Juan Urdiales (Job and Talent): The ETT of the digital ecosystem

Juan Urdiales and Felipe Navío founded Job and Talent in 2009 in Málaga, but soon moved to Madrid. Urdiales remembers the beginnings as a “roller coaster” in search of the right business model: they began as a social network to share content related to employment and became a platform to connect qualified candidates with companies that were looking for profiles, until in 2016 reached its turning point. It was then that one of the co-founders of Tuenti, Félix Ruiz, joined the team, and Job and Talent pivoted again to become an integral manager of the recruitment process.

temporary hiring for companies, from selection to contracts and payroll. That is, a temporary employment agency (ETT), but in the digital world. This shift came at a high price: they had to lay off a third of their staff as a requirement to continue attracting investment. The growth since then was unstoppable: from five million in turnover that year to 1.9 billion in 2022. The history of Job and Talent cannot be understood without its expansion through the purchase of traditional ETTs, nor without its relationship with other technology companies. : Many of the workers at Cabify, Glovo, Amazon, Just Eat or Uber Eats are outsourced through Job and Talent. This has made them rise like foam, but it has also caused the regulatory pressure on these companies to end up affecting them. It reached unicorn status at the beginning of 2021, and at the end of that same year it doubled its size and valuation.

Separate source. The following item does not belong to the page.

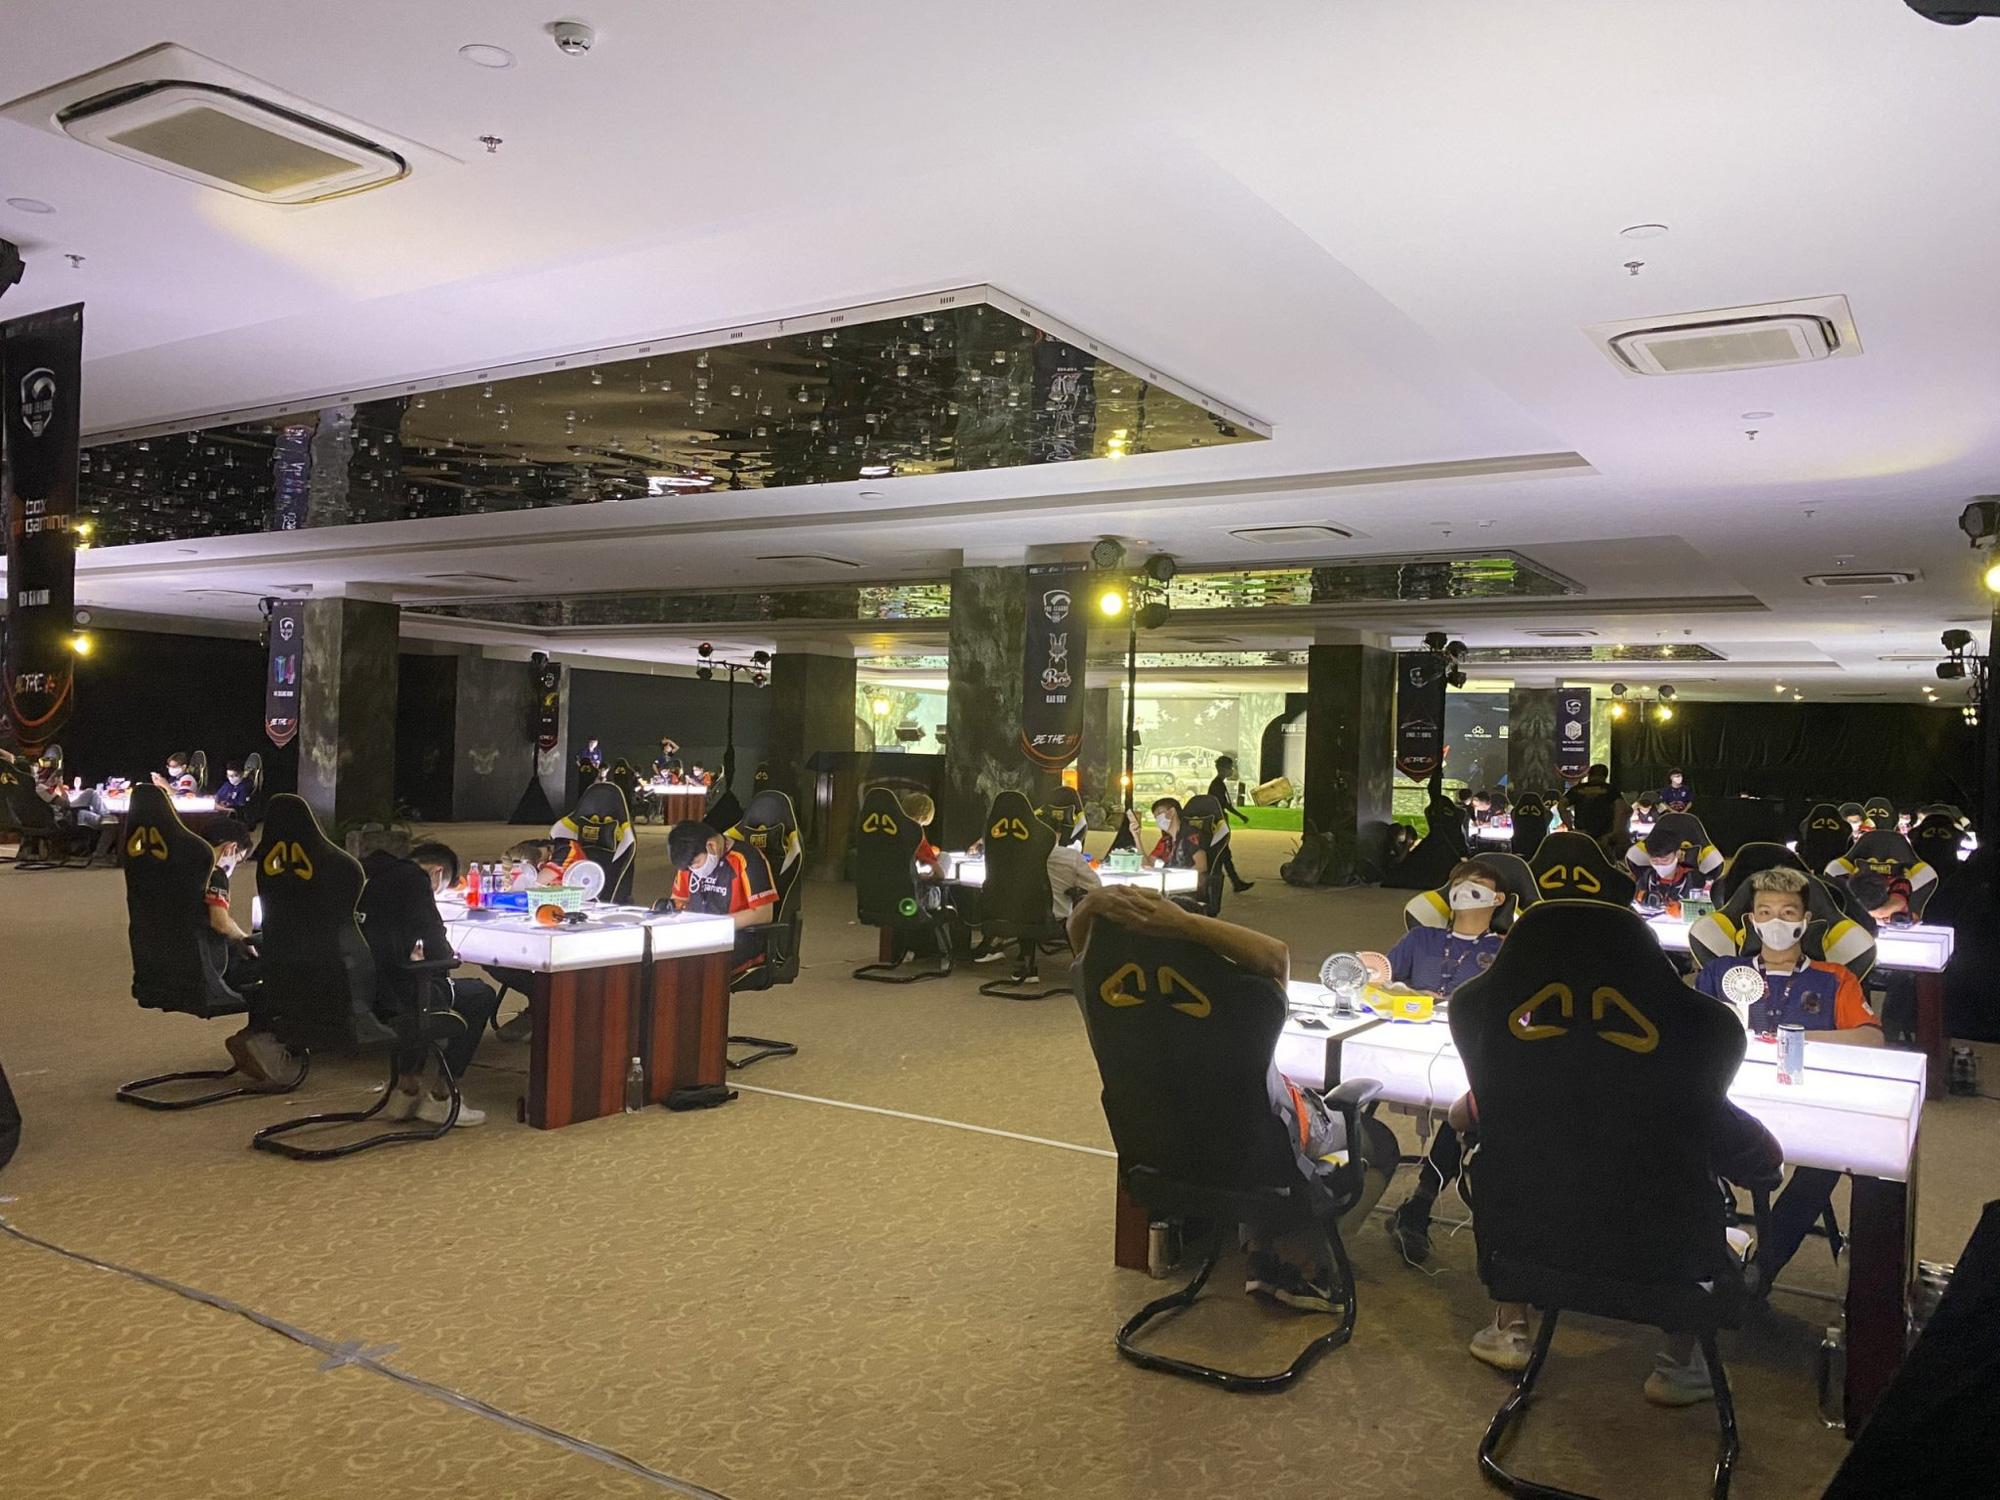 Để hơn 100 người tham gia giải game online bất chấp lệnh cấm, Cocobay Đà Nẵng bị phạt 15 triệu đồng-1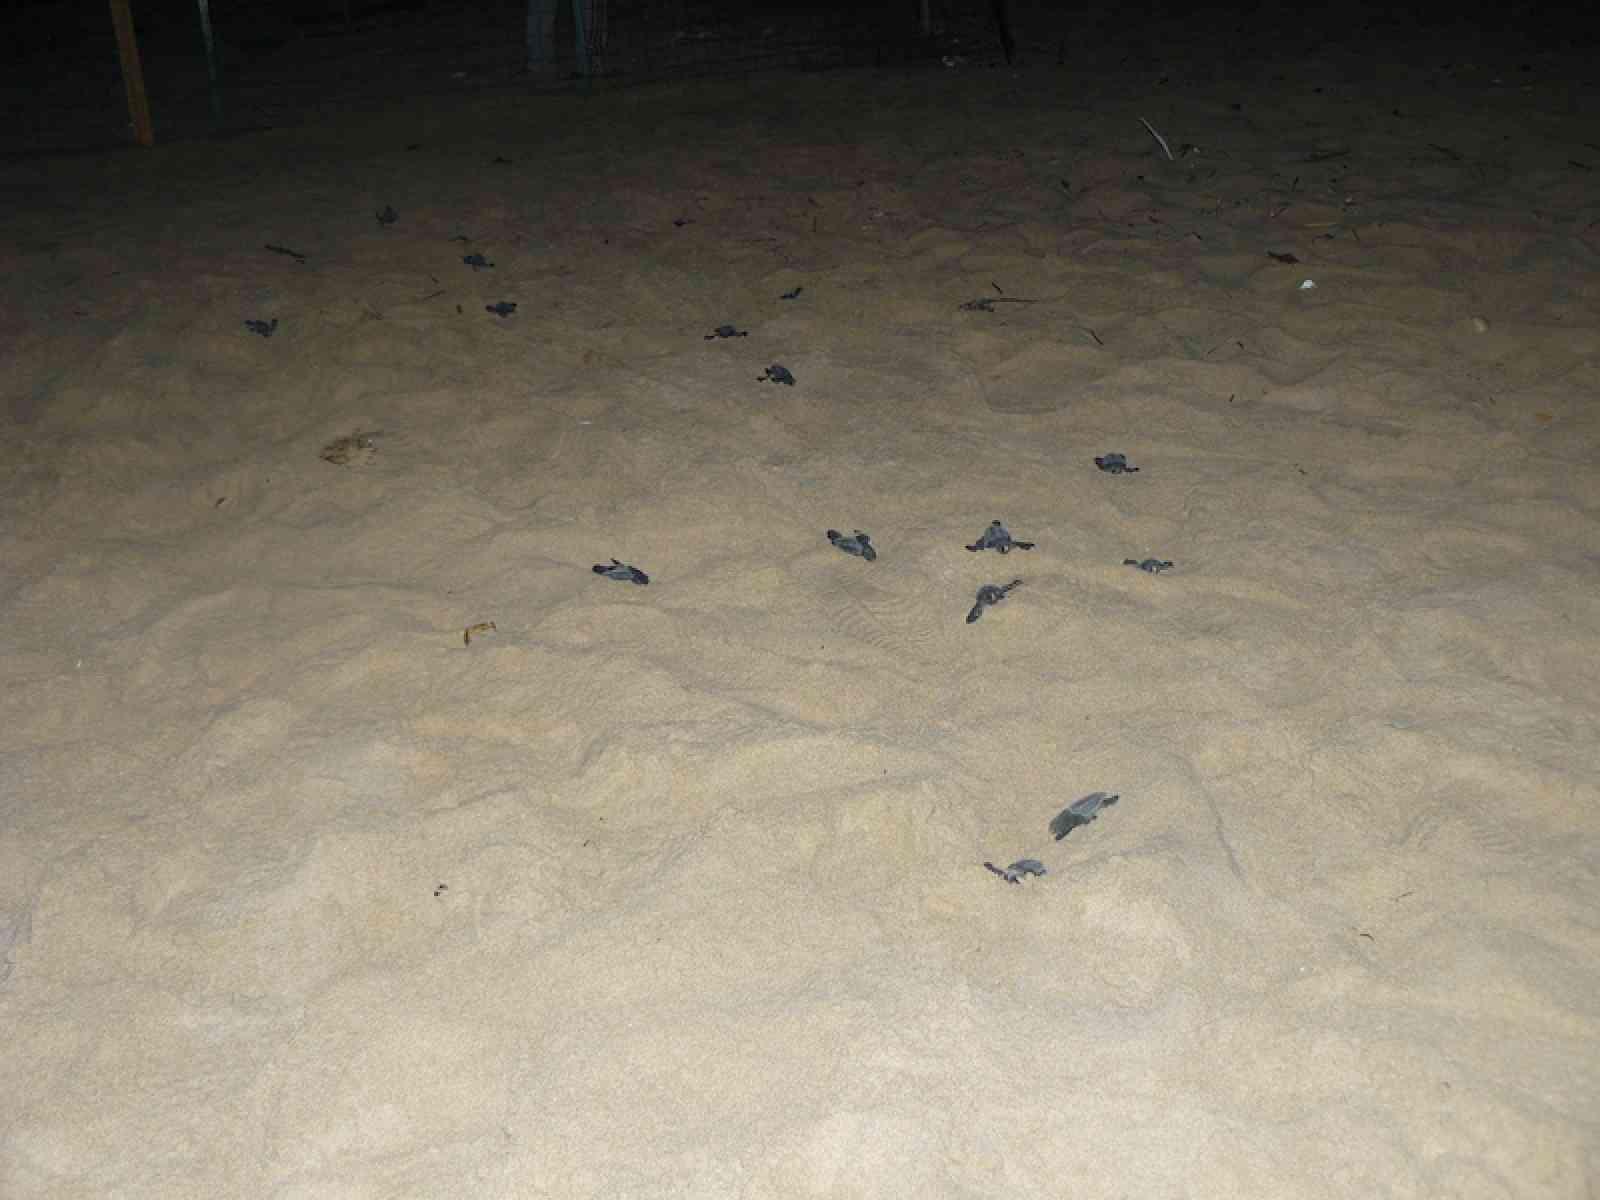 Menfi, approvato il progetto europeo LIFE a sostegno delle tartarughe Caretta caretta

Anders Sjöblom (Recover): A start-up with more than a century of history

The history of Recover, a company dedicated to textile recycling that was born in December 2020 in Banyeres de Mariola (Alicante), cannot be understood without that of Hilaturas Ferré, which was founded in 1947 on the Ferré family's textile company, whose origin dates back to 1914. In fact, Recover is what is known in the world of entrepreneurship as a spin off, a project that was born within a traditional company but that, due to its technological innovation, separates itself to make its own path. . A little over three years ago, Hilaturas Ferré sold Recover to Story3 Capital, an American venture capital fund, so that the company could fly on its own with a business focused on the production of recycled cotton fiber and high-quality, sustainable cotton fiber blends. quality. This company has one center in Spain and two in Asia, and exceeded the valuation of $1 billion, the threshold at which it enters the category of unicorn company, in June 2022, when Goldman Sachs led a valued financing round. by 100 million to further boost its international presence. “Recover is helping to create a sustainable future by solving a colossal environmental problem and we are delighted to partner with Goldman Sachs to accelerate our growth,” said the company's then CEO, Alfredo Ferré (after the signing of Anders Sjöblom, from H&M , Ferré, fourth generation of the founding family, became product manager). The company has worked for Wrangler, Tommy Hilfiger, G-Star and The North Face.